RECORDS Block Start

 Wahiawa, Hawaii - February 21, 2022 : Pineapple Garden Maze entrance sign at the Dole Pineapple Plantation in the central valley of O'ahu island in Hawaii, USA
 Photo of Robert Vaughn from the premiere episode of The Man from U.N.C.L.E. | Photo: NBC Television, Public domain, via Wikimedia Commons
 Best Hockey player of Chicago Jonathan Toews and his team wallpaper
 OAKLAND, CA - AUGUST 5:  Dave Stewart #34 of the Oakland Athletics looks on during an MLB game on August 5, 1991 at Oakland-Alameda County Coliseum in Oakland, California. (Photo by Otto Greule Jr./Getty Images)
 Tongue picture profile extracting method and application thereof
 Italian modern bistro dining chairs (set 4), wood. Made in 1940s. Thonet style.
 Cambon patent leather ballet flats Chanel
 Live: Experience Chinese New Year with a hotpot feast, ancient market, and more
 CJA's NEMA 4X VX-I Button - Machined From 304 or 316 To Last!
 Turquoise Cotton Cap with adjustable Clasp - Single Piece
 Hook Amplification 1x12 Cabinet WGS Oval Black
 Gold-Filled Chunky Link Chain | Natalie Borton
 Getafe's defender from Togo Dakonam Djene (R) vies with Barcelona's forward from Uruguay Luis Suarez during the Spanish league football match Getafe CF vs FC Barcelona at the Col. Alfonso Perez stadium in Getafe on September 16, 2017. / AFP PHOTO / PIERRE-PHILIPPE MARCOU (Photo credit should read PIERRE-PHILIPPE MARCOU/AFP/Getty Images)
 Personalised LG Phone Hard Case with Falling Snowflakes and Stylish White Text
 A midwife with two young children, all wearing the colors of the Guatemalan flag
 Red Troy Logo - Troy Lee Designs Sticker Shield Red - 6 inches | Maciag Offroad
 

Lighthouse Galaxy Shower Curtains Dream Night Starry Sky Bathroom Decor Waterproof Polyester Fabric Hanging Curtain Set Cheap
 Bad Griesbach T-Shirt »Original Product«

RECORDS Block End

» HOW TO COMPLETE THIS TASK
Could you print, exactly and with nothing else, the lines from the one containing "Tongue picture profile" through the last line of the records above?

» SOLUTION FOR THIS TASK
 Tongue picture profile extracting method and application thereof
 Italian modern bistro dining chairs (set 4), wood. Made in 1940s. Thonet style.
 Cambon patent leather ballet flats Chanel
 Live: Experience Chinese New Year with a hotpot feast, ancient market, and more
 CJA's NEMA 4X VX-I Button - Machined From 304 or 316 To Last!
 Turquoise Cotton Cap with adjustable Clasp - Single Piece
 Hook Amplification 1x12 Cabinet WGS Oval Black
 Gold-Filled Chunky Link Chain | Natalie Borton
 Getafe's defender from Togo Dakonam Djene (R) vies with Barcelona's forward from Uruguay Luis Suarez during the Spanish league football match Getafe CF vs FC Barcelona at the Col. Alfonso Perez stadium in Getafe on September 16, 2017. / AFP PHOTO / PIERRE-PHILIPPE MARCOU (Photo credit should read PIERRE-PHILIPPE MARCOU/AFP/Getty Images)
 Personalised LG Phone Hard Case with Falling Snowflakes and Stylish White Text
 A midwife with two young children, all wearing the colors of the Guatemalan flag
 Red Troy Logo - Troy Lee Designs Sticker Shield Red - 6 inches | Maciag Offroad
 

Lighthouse Galaxy Shower Curtains Dream Night Starry Sky Bathroom Decor Waterproof Polyester Fabric Hanging Curtain Set Cheap
 Bad Griesbach T-Shirt »Original Product«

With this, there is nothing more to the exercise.